Jangan Gegabah! Ini Pengertian Tarik Tunai Kartu Kredit Serta Keuntungan dan Kerugiannya

Karyawati yang tengah melakukan tarik tunai di ATM

Saat membutuhkan dana mendadak, tak sedikit orang nekat memilih buat melakukan tarik tunai kartu kredit lantaran sudah ‘merasa’ kepepet. Nah kejadian kayak gini apakah kamu sempat mengalami? Atau bahkan melakukannya karena sudah mendesak? 

Banyak yang perlu perhatikan saat melakukan hal tersebut. Jangan sampai kamu tergesah-gesah dalam mengambil keputusan melakukan yang disebutkan sebelumnya. Memang ketika sudah merasa kepepet, pilihan tersebut menjadi jalan pintas bagi yang kerap kewalahan soal keuangan. 

Bukannya merasa lega lantaran masalah keuangan teratasi dengan memilih cara ini, justru bakal menambah persoalan baru, memang mau??

Perlu diperhatikan lho, misalkan kamu melakukan hal tersebut, bunga tarik tunai itu gede banget! Itulah mengapa banyak orang yang menyarankan agar kamu berpikir matang jika ingin melakukan penarikan uang menggunakan kartu kredit lewat ATM.

Karena itu, sebelum kamu terjebak dalam lubang hitam utang karena sering melakukan hal ini, ada baiknya mengetahui lebih lanjut nih perihal di atas, mulai dari pengertiannya hingga untung ruginya. Gak usah berlama-lama, yuk simak ulasan lengkapnya di bawah ini:

Apa itu tarik tunai kartu kredit

Tarik tunai limit kartu kredit kamu
Jangan sampai gegabah dalam mengambil keputusan ini, (Shutterstock).

Tarik tunai kartu kredit merupakan salah satu fitur credit card yang mengizinkan para nasabah untuk melakukan penarikan uang tunai lewat ATM. Memang terdengar menggiurkan bagi kamu yang memiliki sifat konsumtif. Gimana gak, kamu bisa menguras habis limit kartu kredit yang ada di dompet, betul gak?

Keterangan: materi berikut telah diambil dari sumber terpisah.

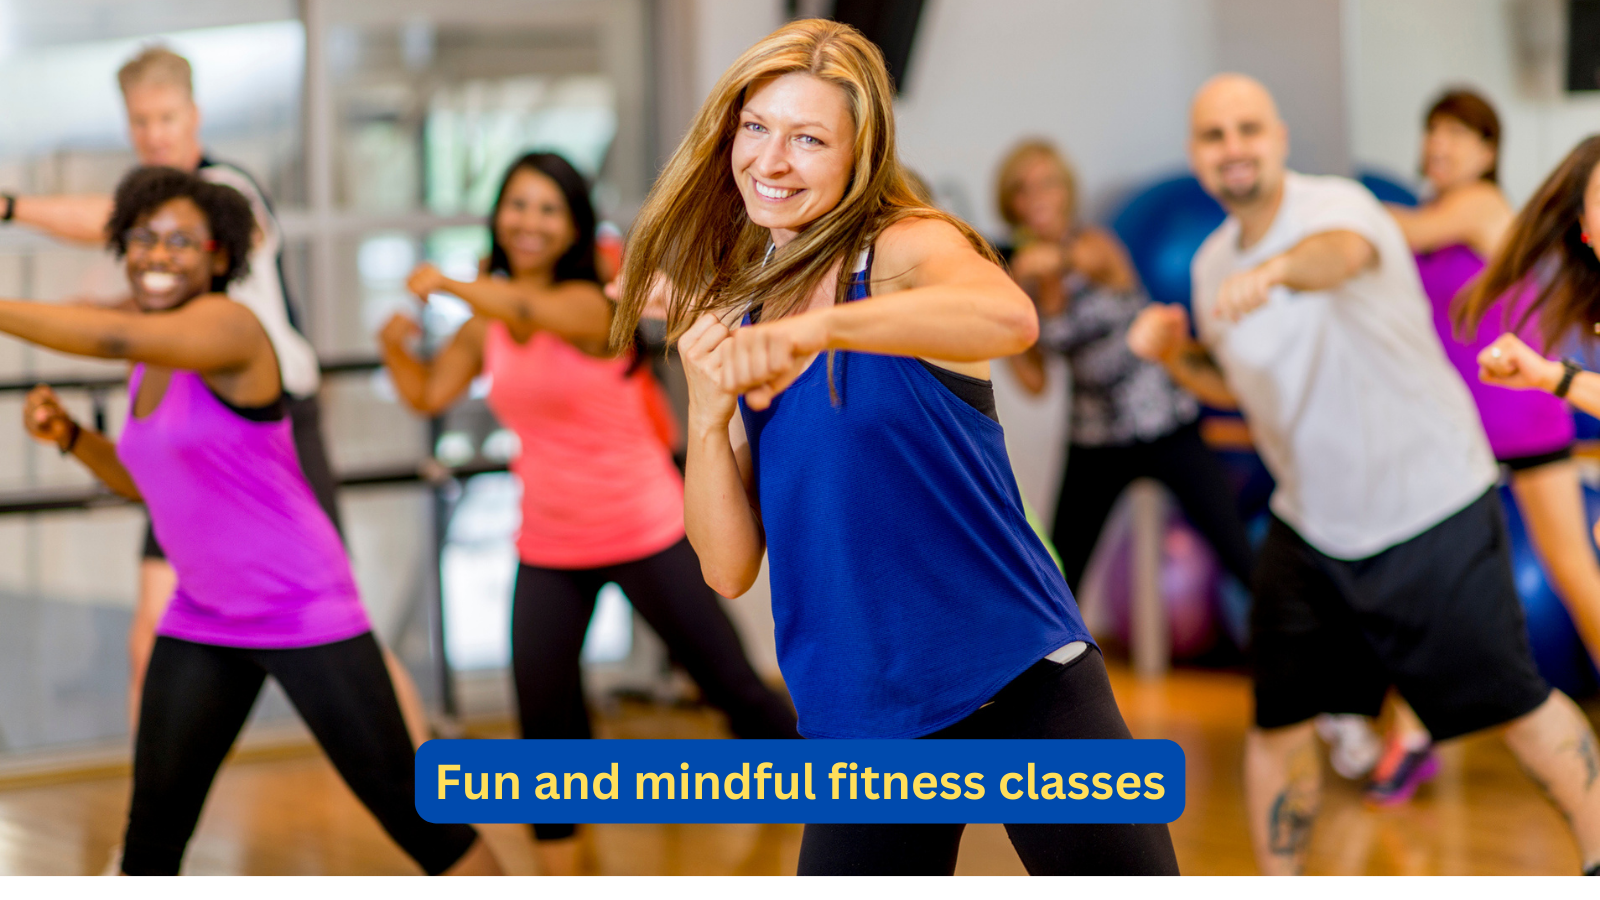 Fun and mindful fitness classes

Uang yang kamu tarik tersebut sebenarnya akan dibebankan ke tagihan kartu kredit beserta biaya penarikan dan bunganya. Jangan sampai nariknya enak, tapi malah menambah masalah baru. Masa mau mengalami masalah keuangan terus menerus, kapan mau kayanya dan merdeka finansial? 

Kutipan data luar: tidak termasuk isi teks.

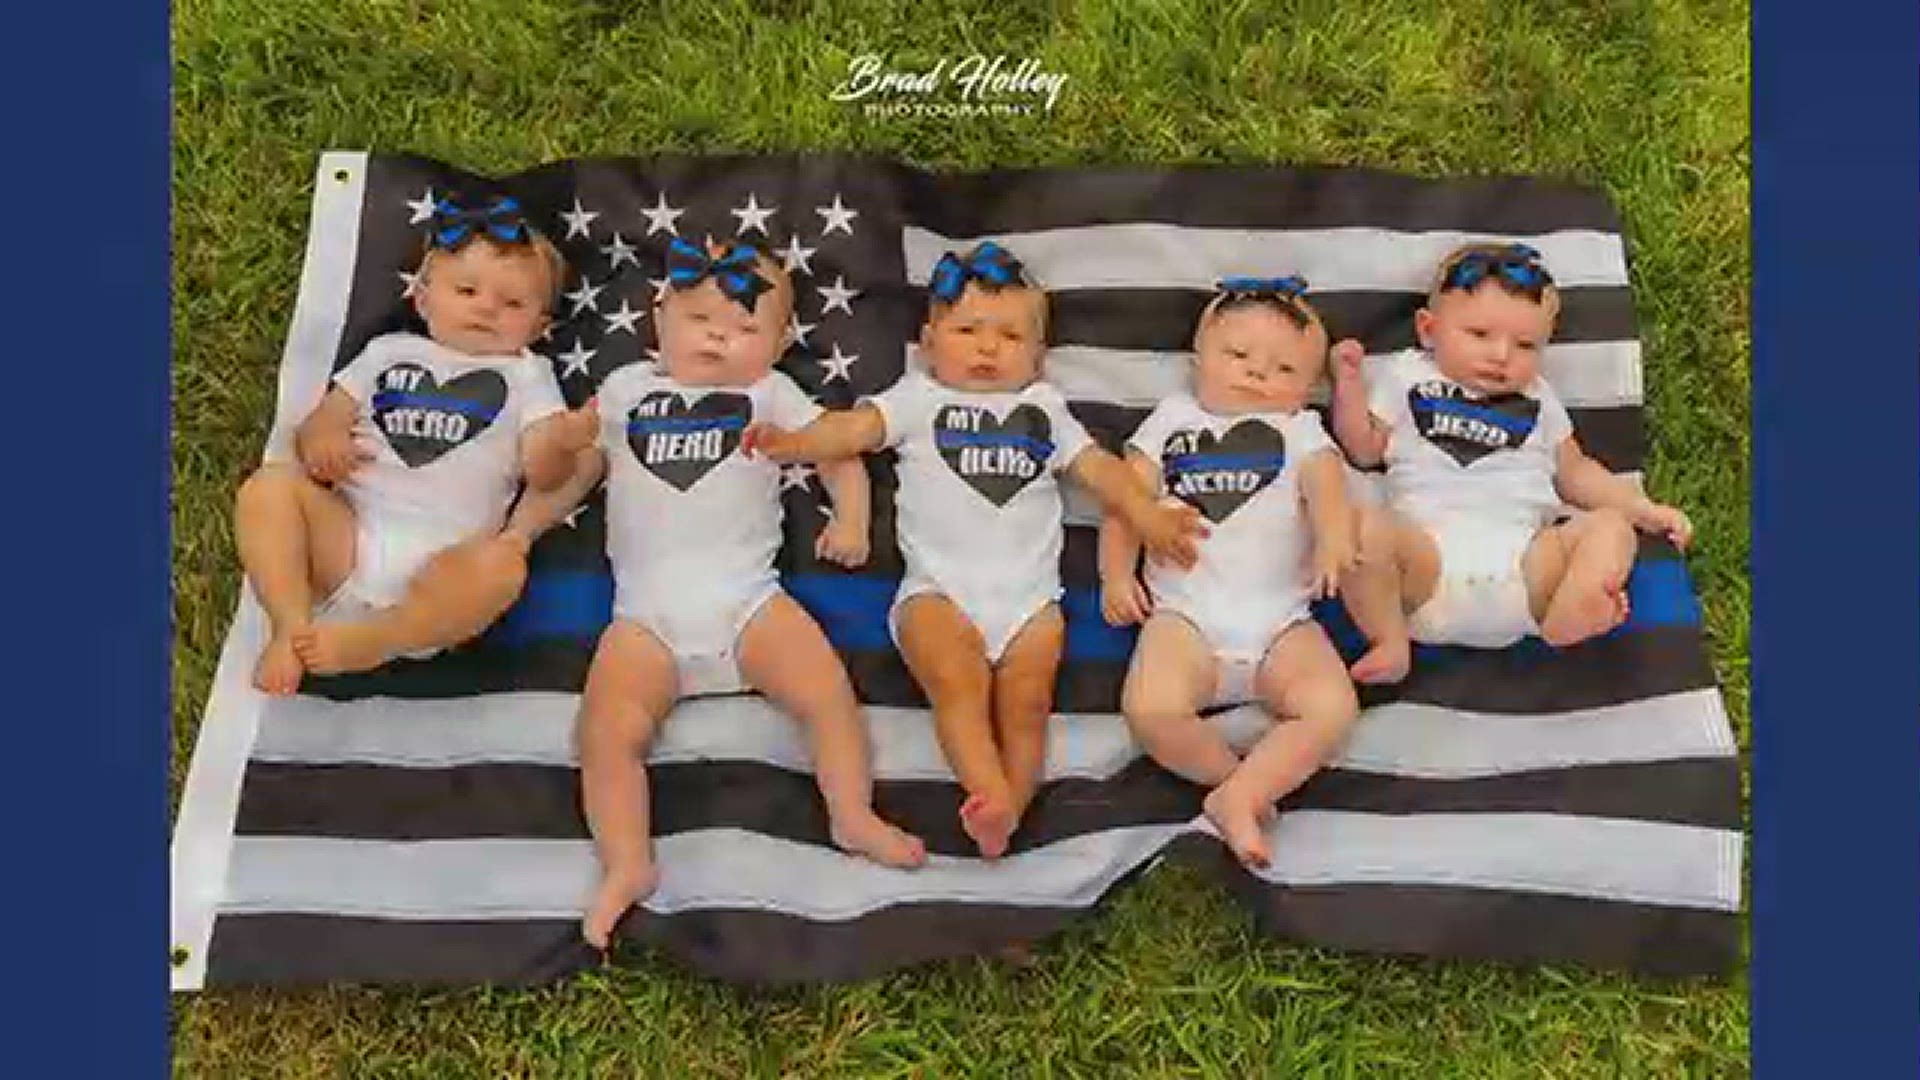 Four deputies posed with their newborn daughters and even the sheriff got in on the action with his new granddaughter.

Akan tetapi, kamu gak bisa menarik uang tunai sesuka hati. Lantaran bank terkait memberikan batas maksimum penarikan atau yang disebut cash advance. Untuk limitnya sendiri itu berbeda setiap bank, tapi umumnya mulai dari 40 persen hingga 60 persen dari total limit.

Misalnya, limit kartu kredit kamu sebesar Rp 10 juta. Berarti kamu bisa melakukan penarikan uang tunai mulai dari Rp 4 juta hingga Rp 6 juta.

Biaya tarik tunai

Pria paruh bayar saat melakukan transaksi di ATM
Kamub perlu perhatikan nih biayanya saat melakukan hal ini, (Shutterstock).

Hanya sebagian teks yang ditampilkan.